Use REST interface to get the same file as above. 

In [None]:
%%time
c=KEGG_retrieve('compound')
r=KEGG_retrieve('reaction')
k=KEGG_retrieve('ko')

cr=KEGG_link('compound','reaction')
rk=KEGG_link('reaction','ko')


In [None]:
kegg_crk = pd.merge(cr,rk, how='outer', indicator='merged_reactionlinks')
kegg_crk.head()

In [None]:
kegg_crk.describe()

In [None]:
kegg_crk.merged_reactionlinks.value_counts()

In [None]:
#add in desc
for d in c, r, k:
    mergeind='merged_'+d.columns.name
    kegg_crk = pd.merge(kegg_crk,d, how='outer', indicator=mergeind)
    print(kegg_crk[mergeind].value_counts())

kegg_crk.head()

In [None]:
kegg_crk.describe()

In [None]:
kegg_crk=kegg_crk.drop(kegg_crk.columns[kegg_crk.columns.str.match(r'merged_.*')], axis=1)


In [None]:
kegg_crk.to_csv('kegg/merged_crk.tsv', sep='\t')
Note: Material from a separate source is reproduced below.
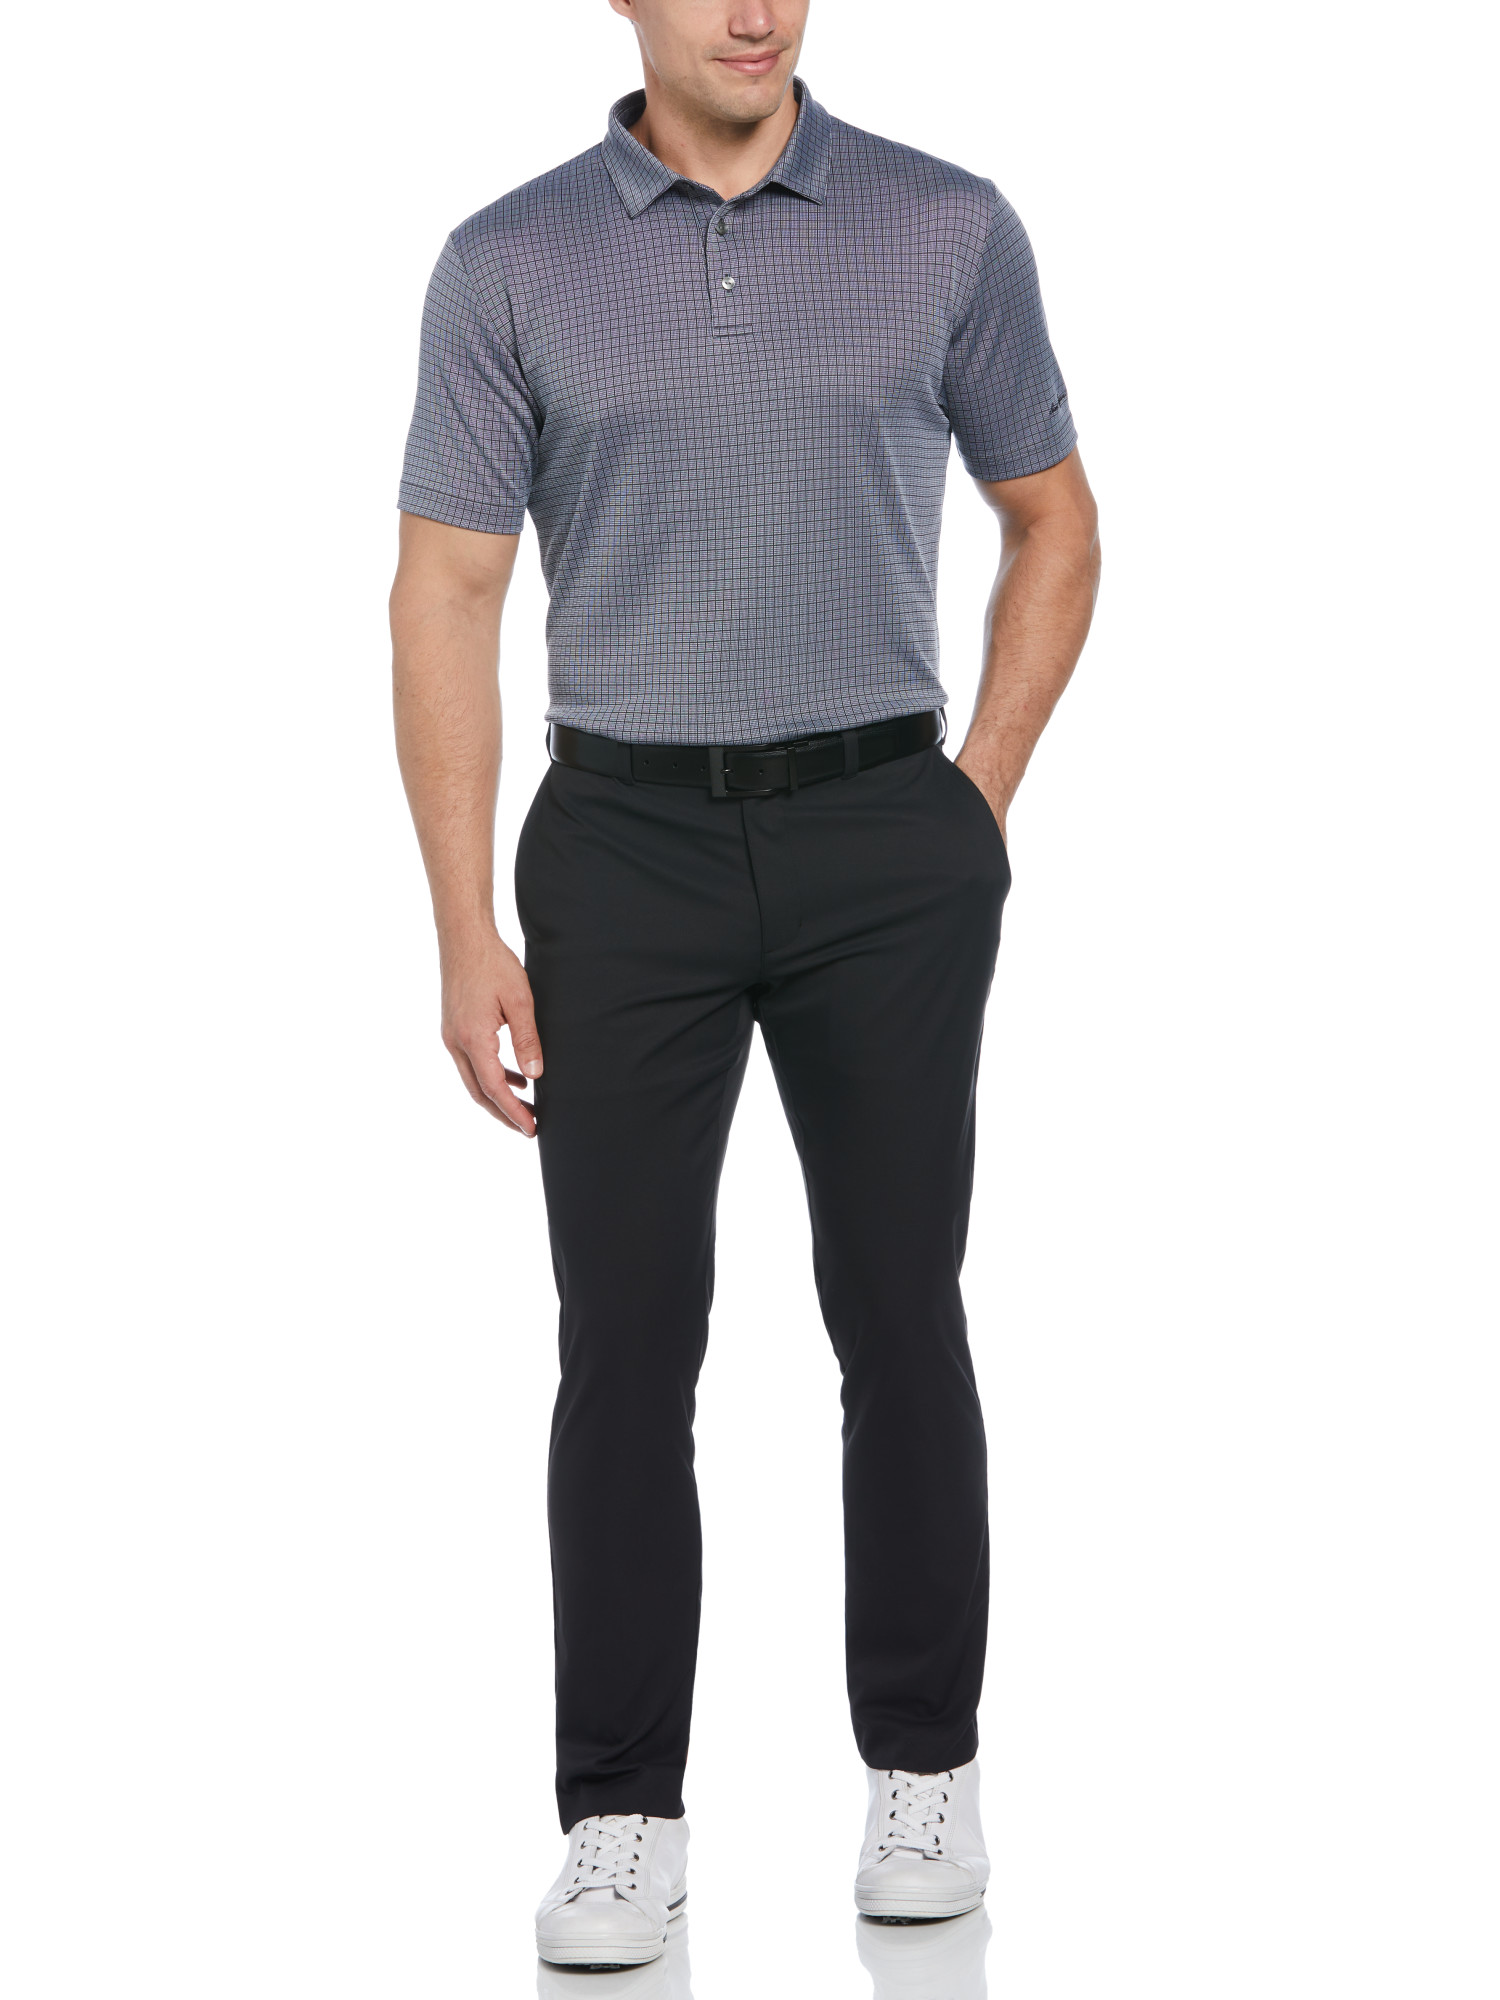 Ben Hogan Men's Flex 4-Way Stretch Golf Pants with Active Waistband, Sizes 30-50 - image 4 of 4

## pull out uniq compounds from metabolon and link to ko to exsplore data

In [None]:
#pull out unique CID for KEGG lookup
metabolonKEGG=pd.Series(chem_meta['KEGG'].dropna().unique())
            
#occasionally there is a drug / compound cross-ref, er wna tthe compound
def getCID(KEGGstr):
    ids=[c for c in KEGGstr.split(',') if c[0]=='C']
    if len(ids)==1: return ids[0]
    else: return KEGGstr

#drop dupes again in case the drug ones were dupes
metabolonKEGG=metabolonKEGG.apply(getCID).dropna().unique()
metabolonKEGG=pd.DataFrame(metabolonKEGG, columns=['cpd'])

In [None]:
metabolon_crk=pd.merge(metabolonKEGG, kegg_crk, how='left', indicator='merged')

In [None]:
print(len(metabolon_crk))
metabolon_crk.describe()

### common cpd are not usefull to trace into rxn and genes

In [None]:
for desc in metabolon_crk.columns[metabolon_crk.columns.str.match(r'.*_description')]:
    print('\n'+desc)
    print(metabolon_crk[desc].value_counts(ascending=False).head(20))

In [None]:
#common cpd are not usefull to trace into rxn and genes
metabolon_crk['cpd'].value_counts(ascending=False).head(20)

In [None]:
#drop ATP, ADP, NAD, NADH, Phosphate, ect
c.head(17)
    

In [None]:
fromcommon=metabolon_crk[metabolon_crk['cpd'].isin(c.head(17)['cpd'])]
print('WARNING: these very common cofactors are found in the dataset')
fromcommon['cpd_description'].value_counts()

### remerge

In [None]:
metabolon_crk=pd.merge(metabolonKEGG, kegg_crk, how='left', indicator='merged')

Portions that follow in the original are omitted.